▸ **EXERCISE BRIEF**
The answer is the data repeated in full, with no pictures included.

▸ **SUPPLIED MATERIAL**

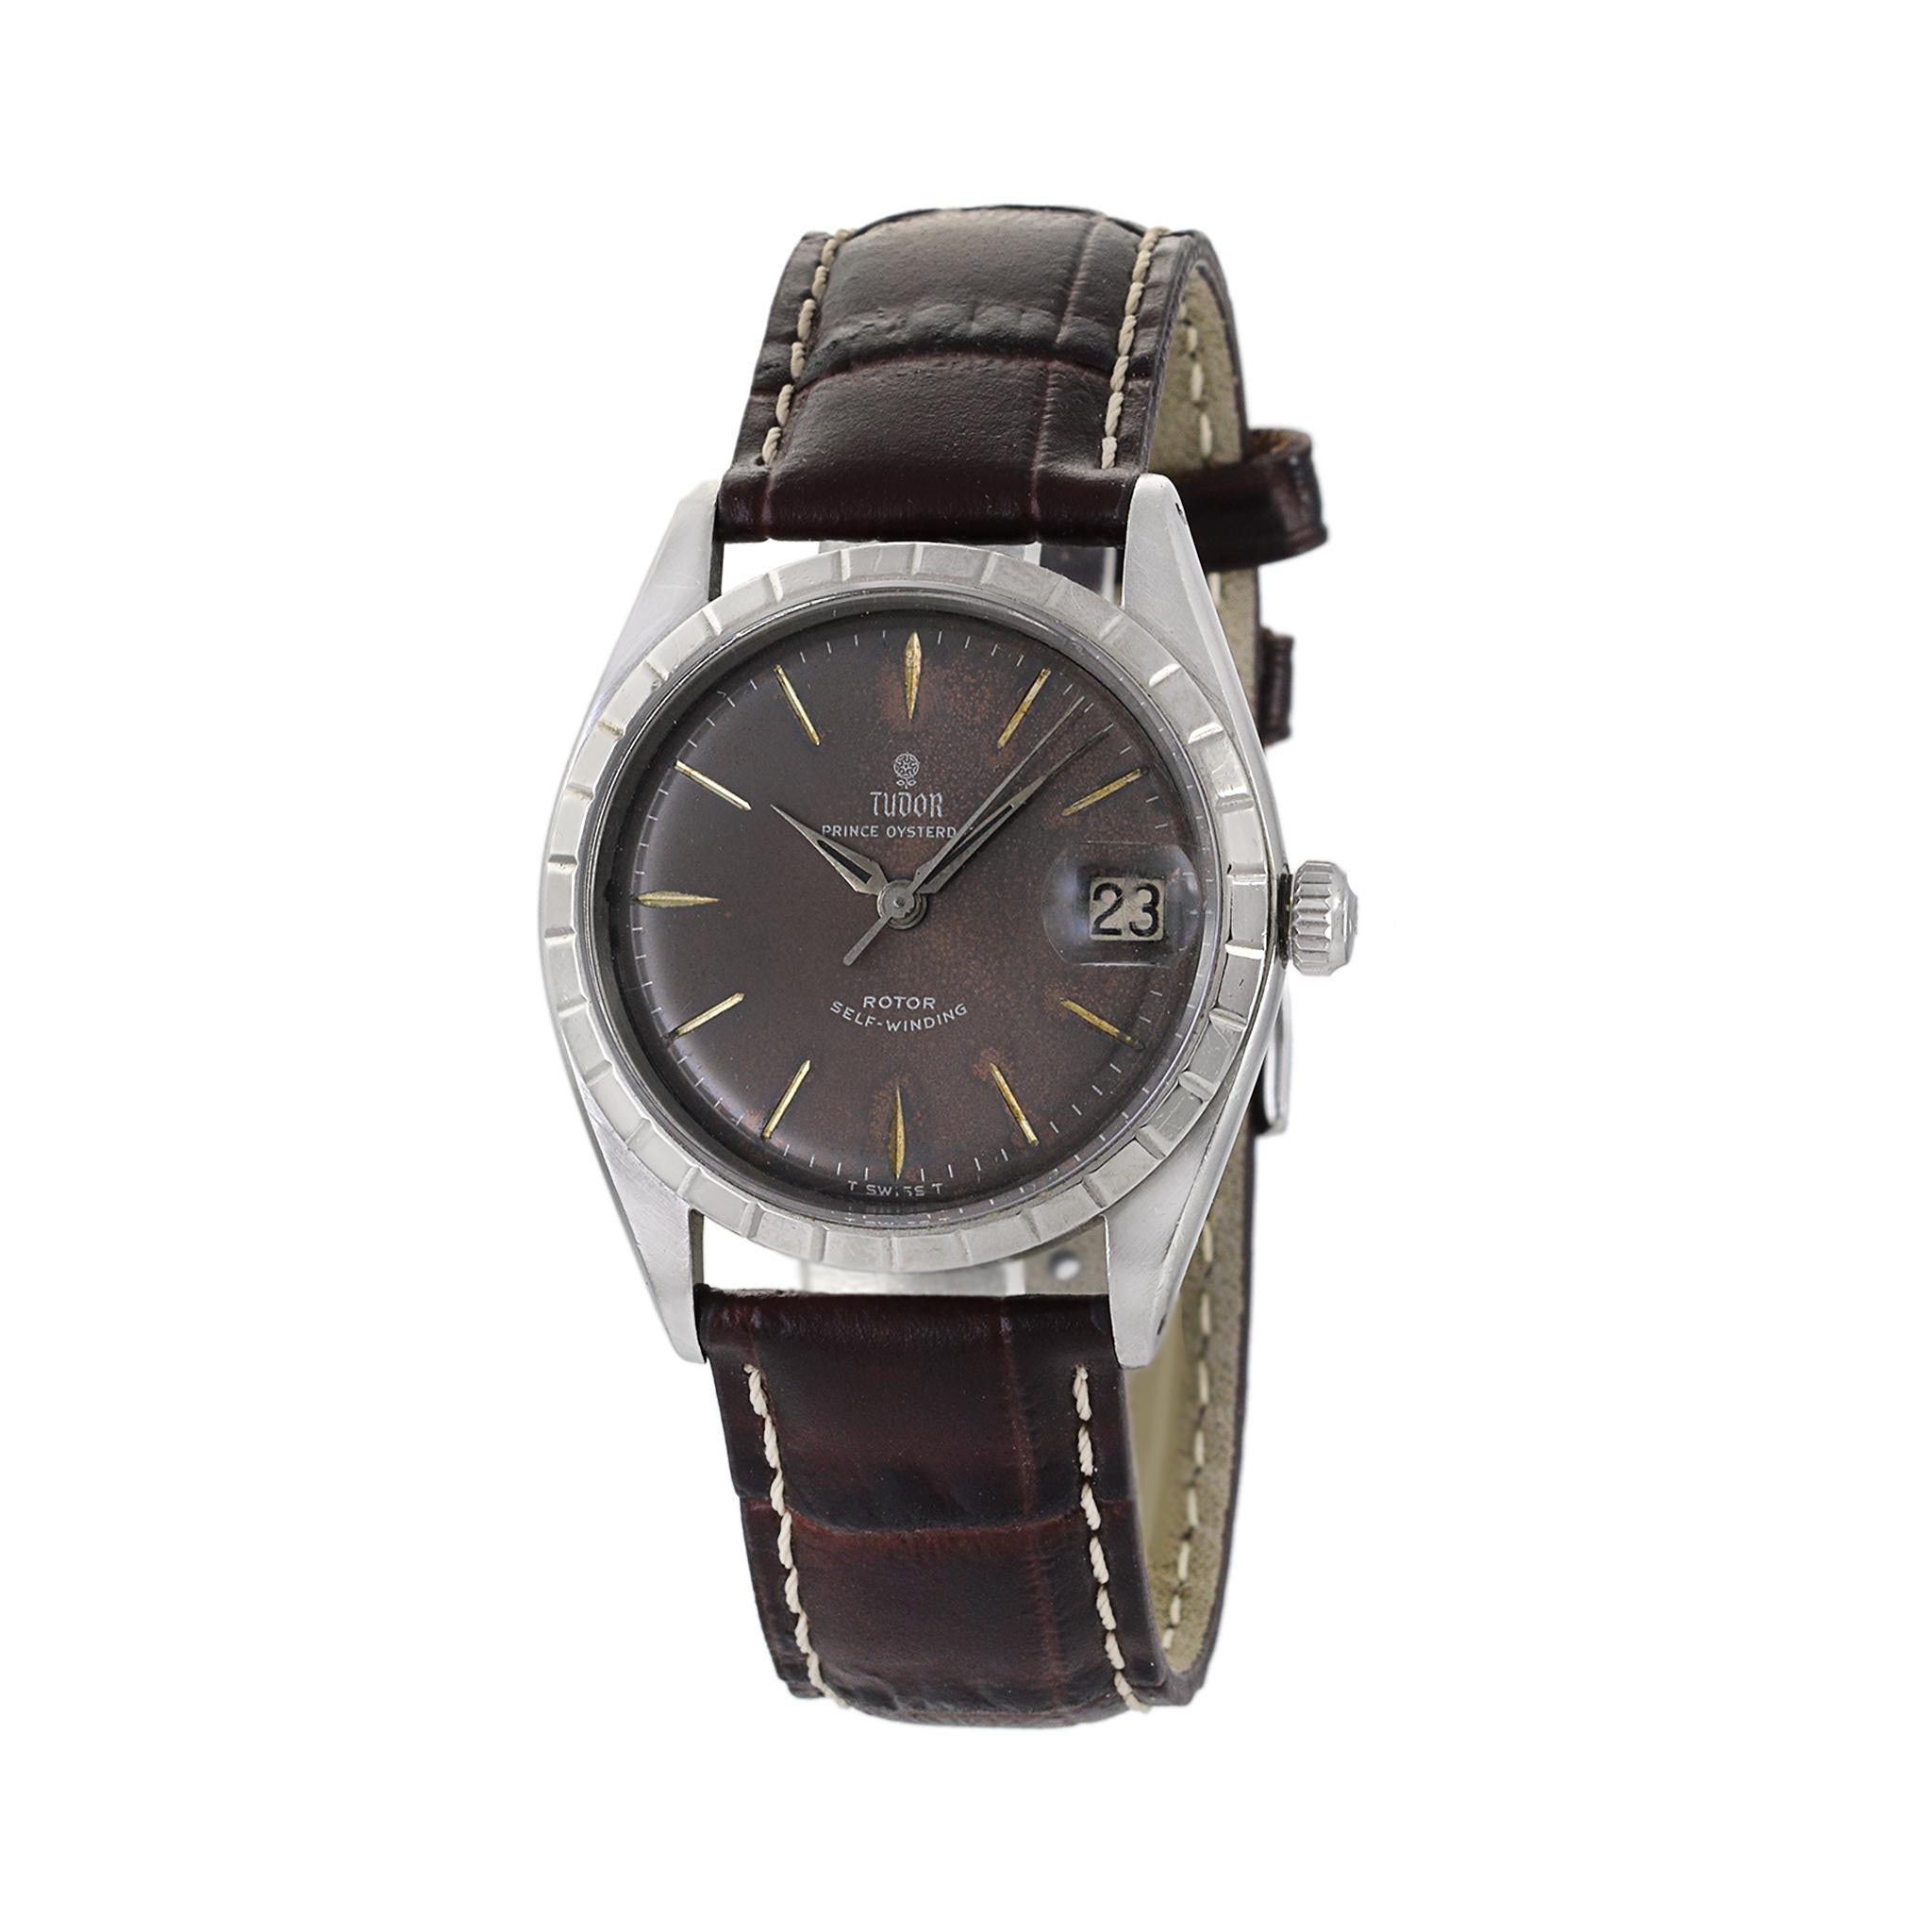 Die Rolex Tudor Prince Oysterdate Reference 7966 aus dem Jahr 1964 ist ein zeitloser Schatz, der Charme und Eleganz ausstrahlt. Das klassische 34-mm-Edelstahlgehäuse dieser Uhr verfügt über eine drehbare Lünette, die dem Design einen Hauch von
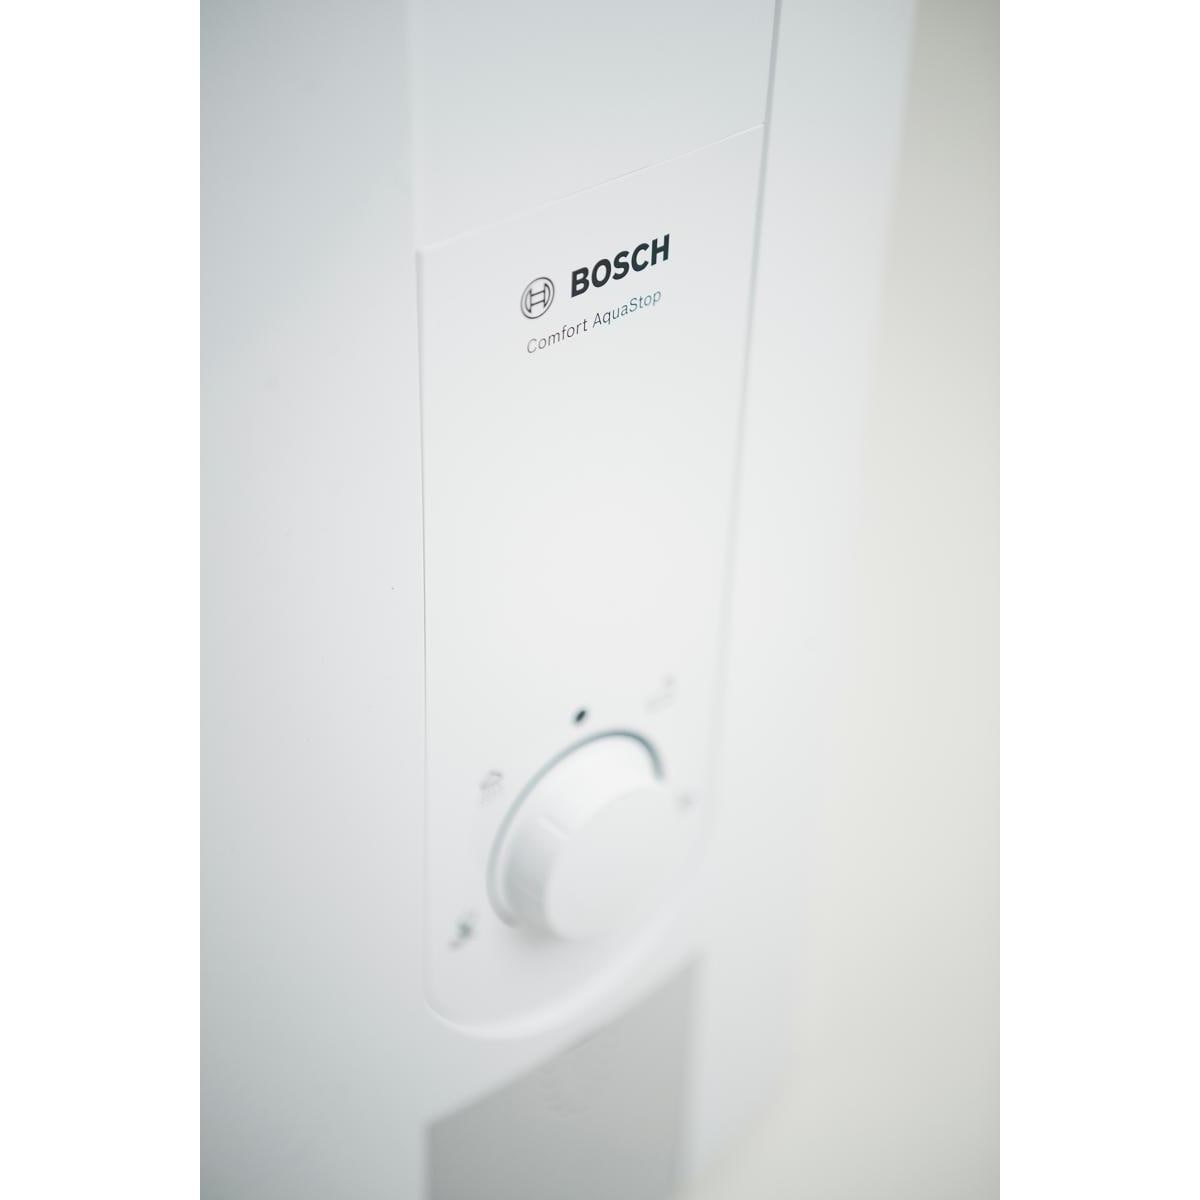 Bosch Tronic Comfort AquaStop Durchlauferhitzer Warmwasserbereiter 24/27kW  Übertischmontage elektronisch weiß
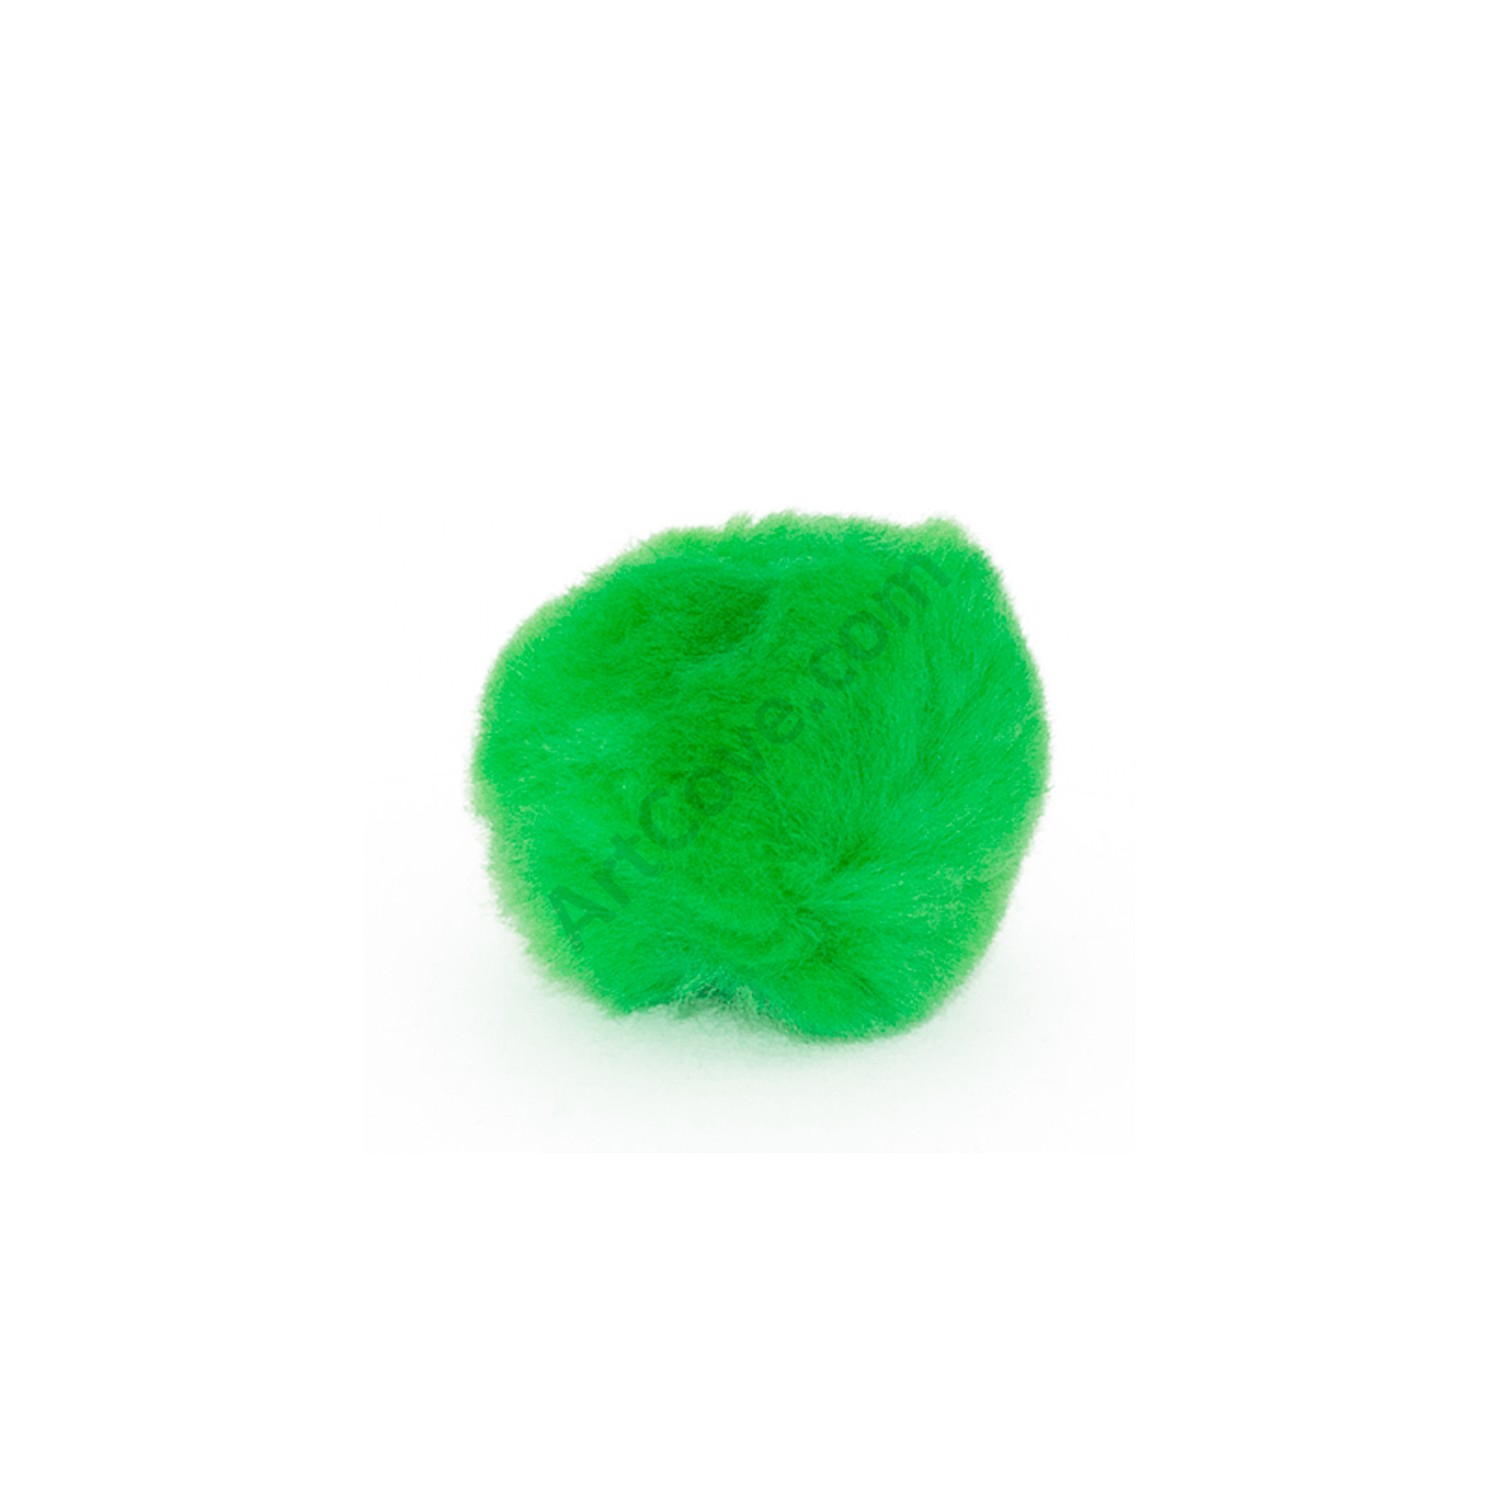 2 Inch Neon Green Craft Pom Poms

▸ **YOUR RESPONSE**
 Die Rolex Tudor Prince Oysterdate Reference 7966 aus dem Jahr 1964 ist ein zeitloser Schatz, der Charme und Eleganz ausstrahlt. Das klassische 34-mm-Edelstahlgehäuse dieser Uhr verfügt über eine drehbare Lünette, die dem Design einen Hauch von
 Bosch Tronic Comfort AquaStop Durchlauferhitzer Warmwasserbereiter 24/27kW  Übertischmontage elektronisch weiß
 2 Inch Neon Green Craft Pom Poms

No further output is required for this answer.